We hereby provide our response to the letter by Alicandri-Ciufelli et al. about our recent paper on Gamma Knife radiosurgery for VS.

First, the observation that censoring was not applied to our retreatment-free Kaplan-Meier curve (our Fig. 3B) is unfounded. The censoring of patients who dropped out of the study was considered, and it is reported in the curve as very small vertical tick-marks interspersed on the plot. Their density and small dimension may require some magnifying by attentive readers.

Had we actually done no censoring, we would have applied logistic regression instead of survival analysis, to benefit from some well-known possible advantages of it. Otherwise, considering dropout patients as “survivors” would be a trivial error. With respect to this issue, Alicandri-Ciufelli et al. offer an explanation of the shape of our Kaplan-Meier curve (Fig. 3B) that stems from the alleged occurrence of such a severe bias. Because this bias did not occur, this interpretation of the curve shape is itself biased. Actually, the Kaplan-Meier curve shows the failure timing, and particularly pinpoints that failures were clustered in the first 48 months after Gamma Knife radiosurgery treatment.

The statement that we obtained a 97.1% rate of tumor control with a mean follow-up of 68.3 months and for a maximum period of observation of 156 months does not correspond to any data reported in our manuscript. The value of 97.1% of tumor control was obtained over a series of 379 patients with a mean follow-up of 75.7 months, not 68.3 months. The 68.3 months value was reported for the 219 patients in the subgroup in which complete radiological volumetric MRI follow-up was obtained using the 'Gamma-plan' software.

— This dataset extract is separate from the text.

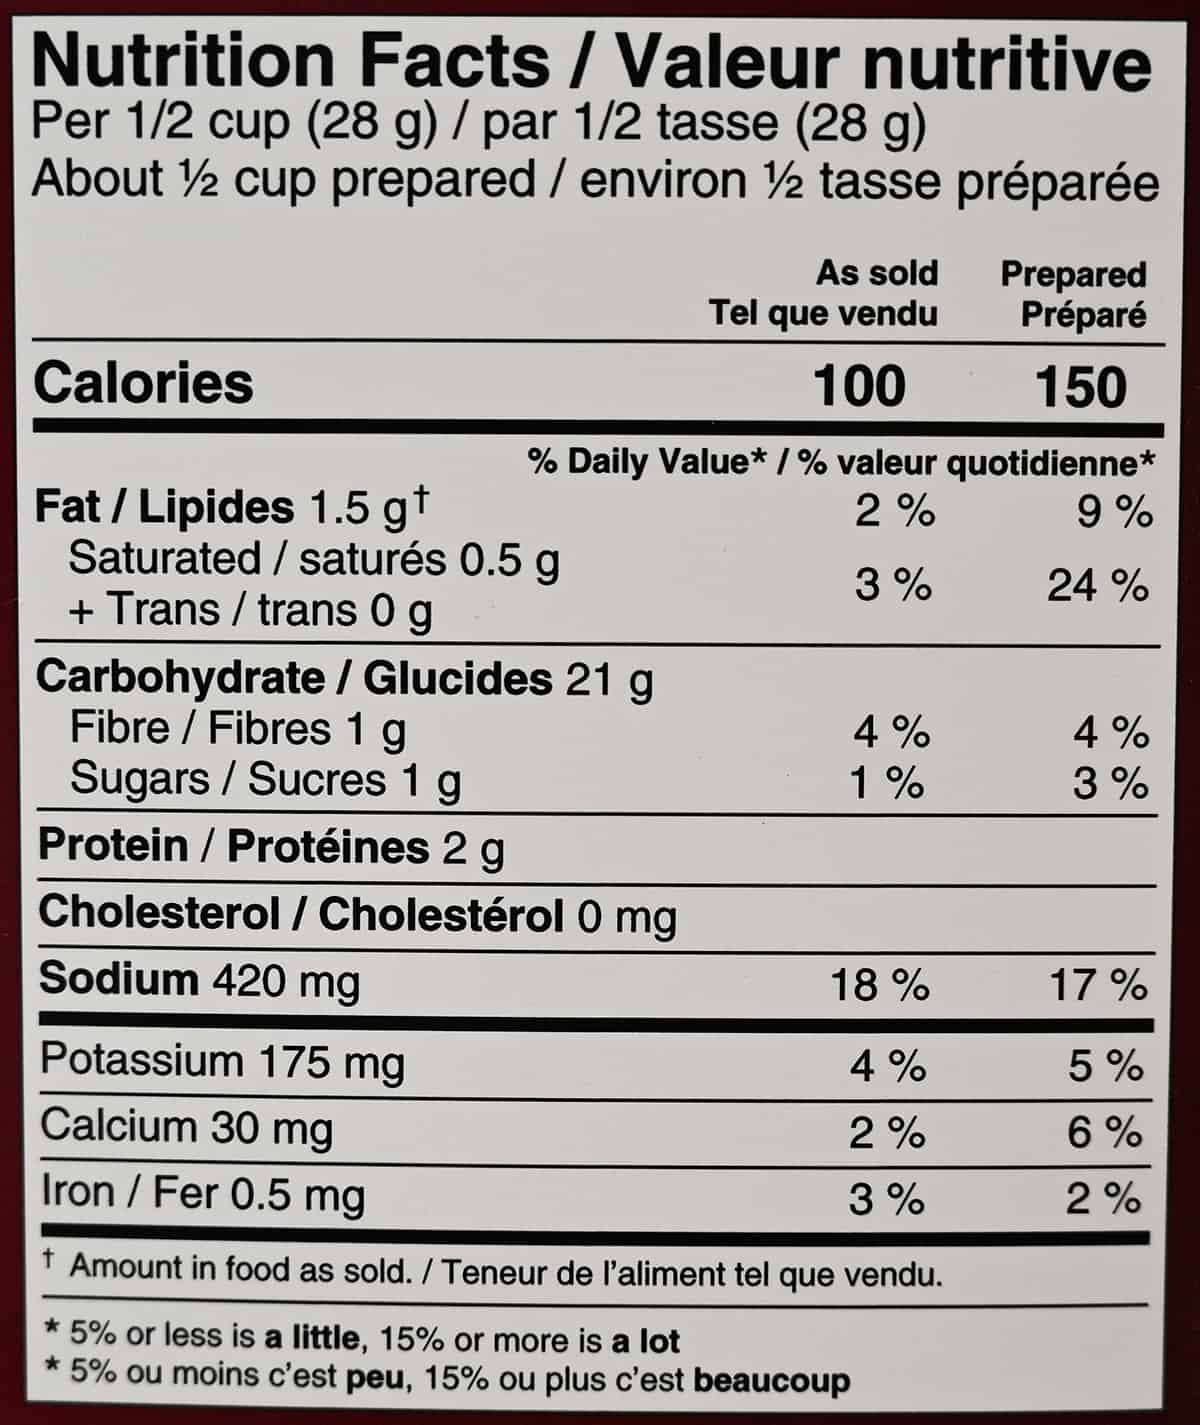 Image of the nutrition facts for the potatoes from the back of the box.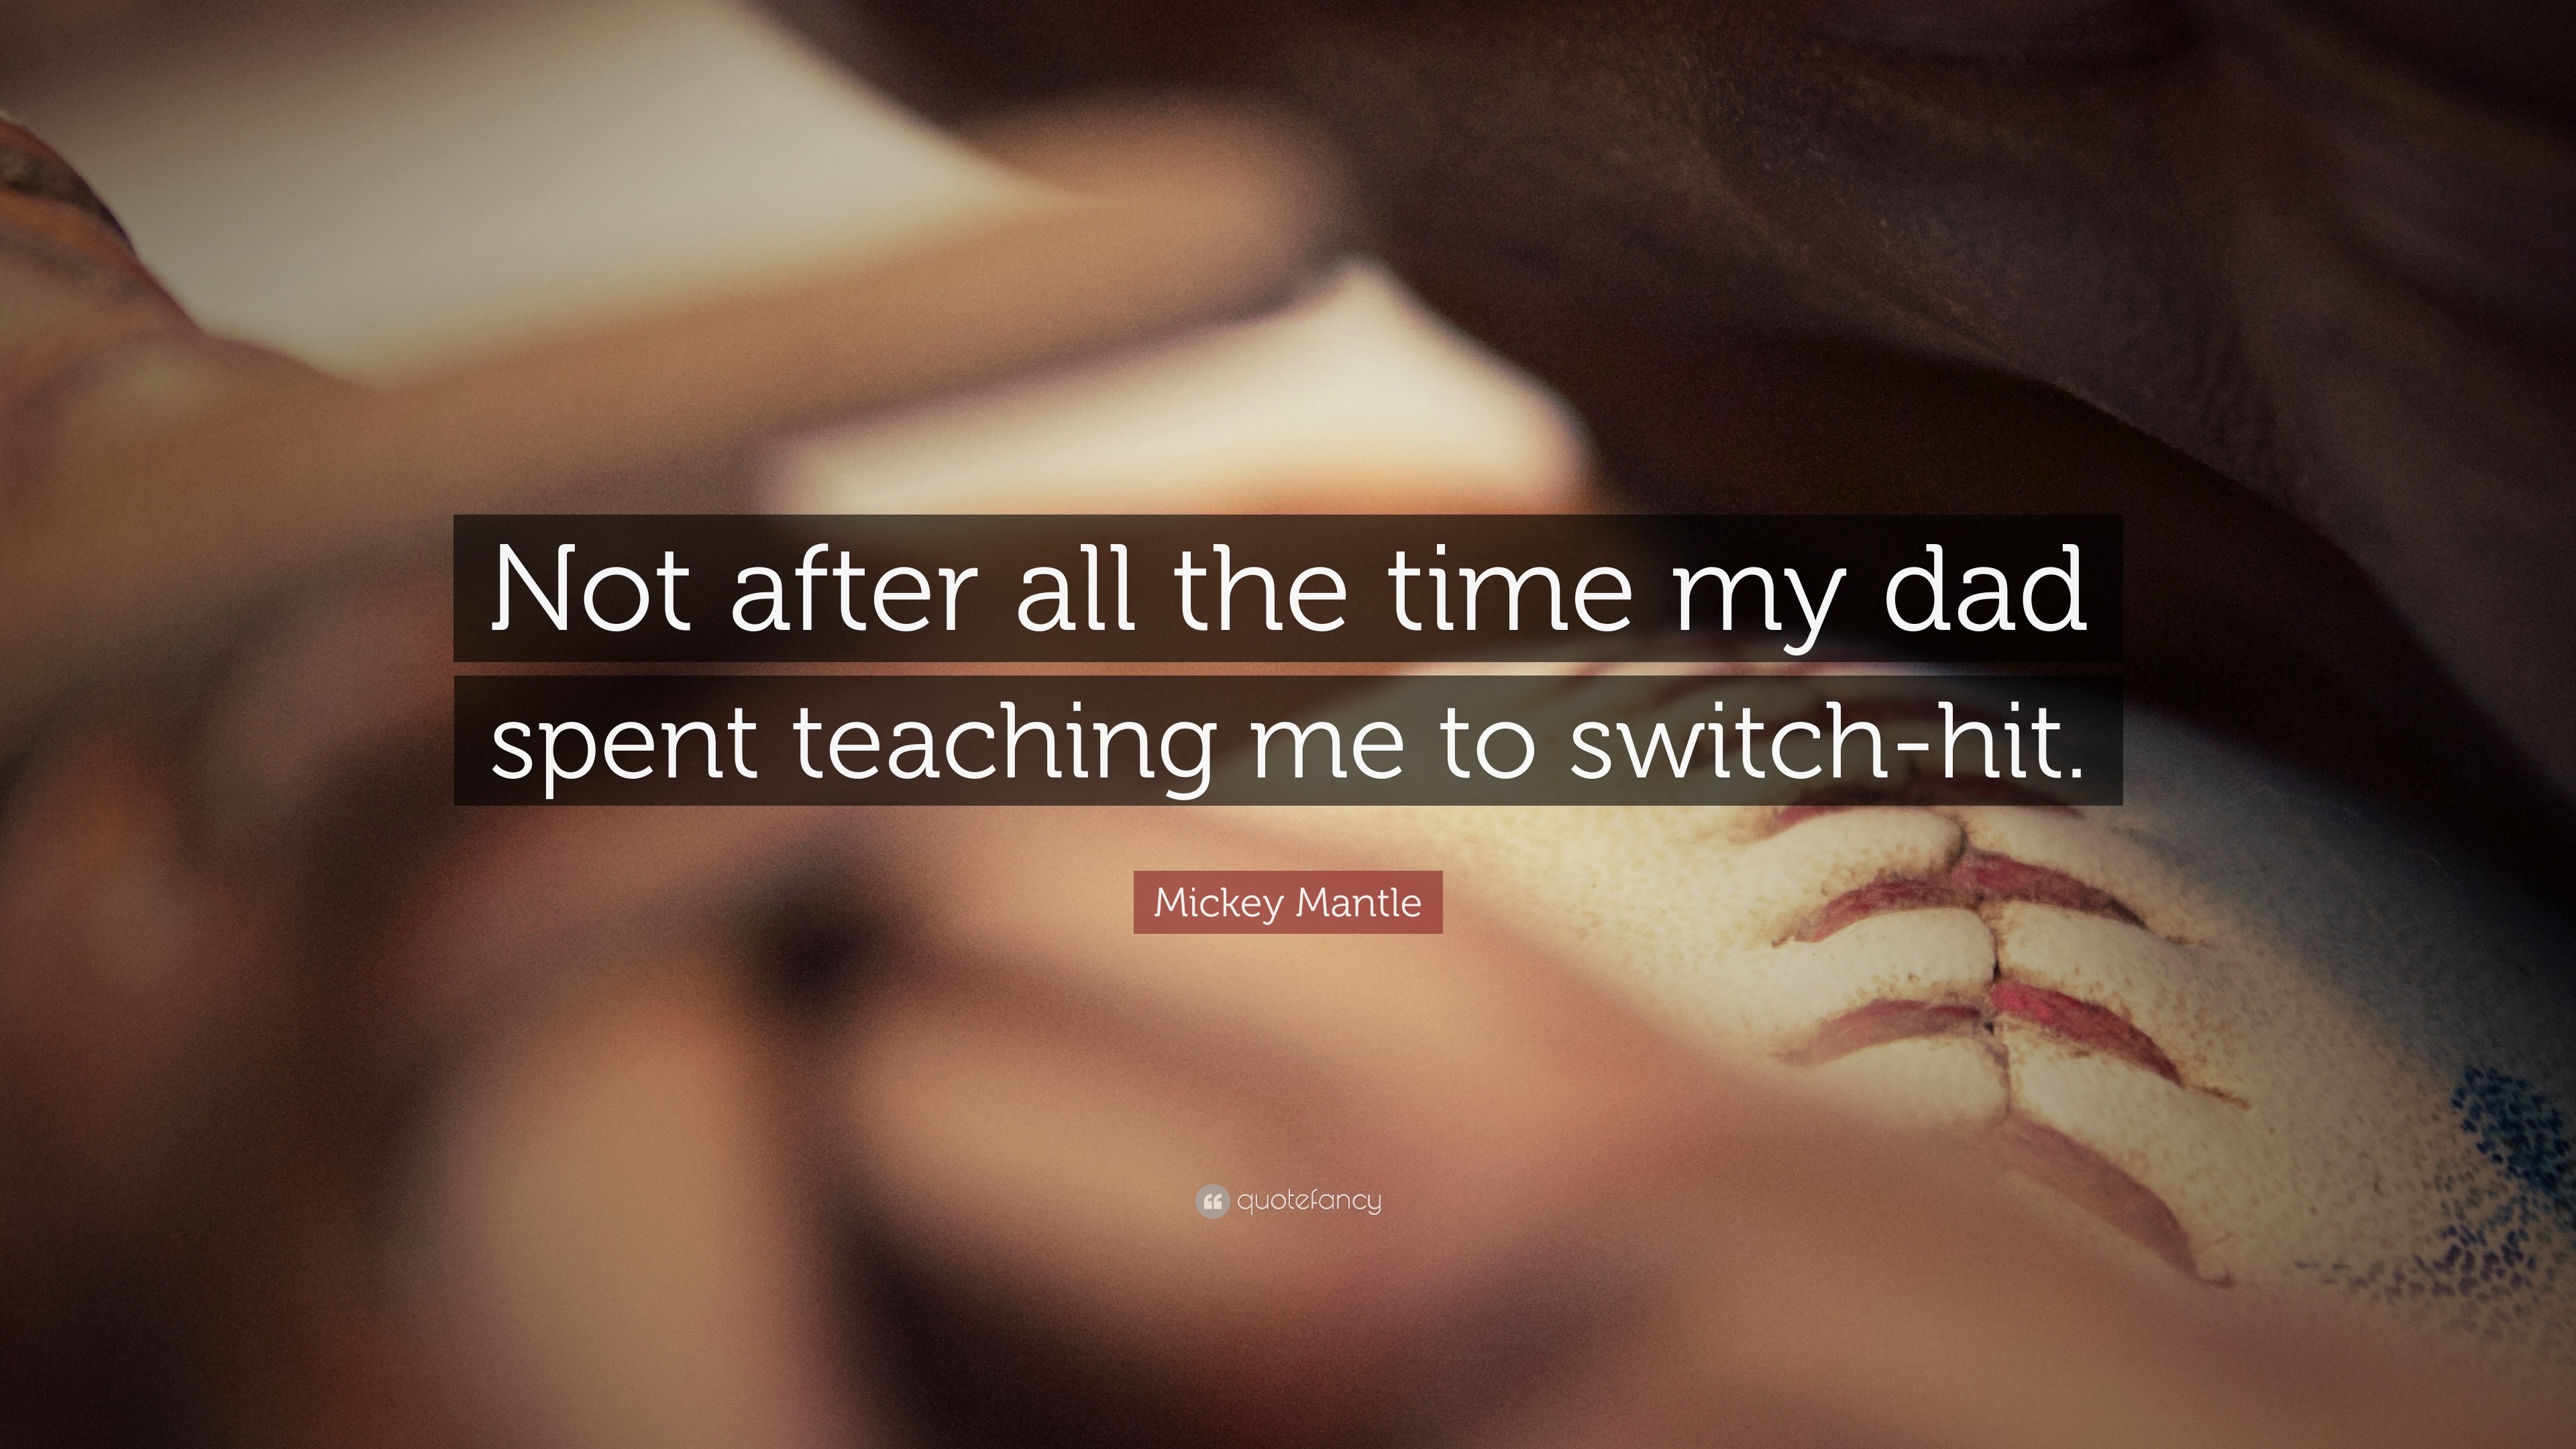 Mickey Mantle Quote Not after all the time my dad spent teaching me to

Second, Dr. Alicandri-Ciufelli et al. stated that we reported the length of our follow-up only as the mean value of 68.3 months. We would like to remark that the reported mean value of the clinical follow-up was 75.7 months; furthermore, in the Follow-Up paragraph of the Methods section it is possible to disclose that the median values are reported, and they were 69.5 months for the clinical follow-up and 63 months for the quantitative radiological follow-up.

Dr. Alicandri-Ciufelli and colleagues claim that in the GKRS Versus Wait-and-See Strategy paragraph of the Discussion section, our arguments and the literature citations in favor of a proactive treatment are not very balanced. The very interesting manuscript by Patnaik et al., which is cited in the References of the Letter to the Editor, was published “ahead of print” in November 2014, whereas our manuscript was submitted for publication in the Journal ofNeurosurgery in June 2014; it was therefore impossible for us to consider and cite it in the Discussion.

Discussing the very controversial issue of the best strategy to use when dealing with patients harboring VSs, we cited the manuscript published by Stangerup et al. in 2006 (reference 57 in our paper), which we consider a milestone in understanding the natural history of these tumors. Discussing the pros and cons of the “wait-and-see” strategy, we have cited other very interesting manuscripts written by the same group in 2008 and 2010 (references 56 and 58). We have carefully read the aforementioned recently published manuscript by Patnaik et al., and we have observed that these authors report a smaller series than that reported by Stangerup and colleagues, and that the mean follow-up is shorter; furthermore, audiological follow-up is not considered in the study.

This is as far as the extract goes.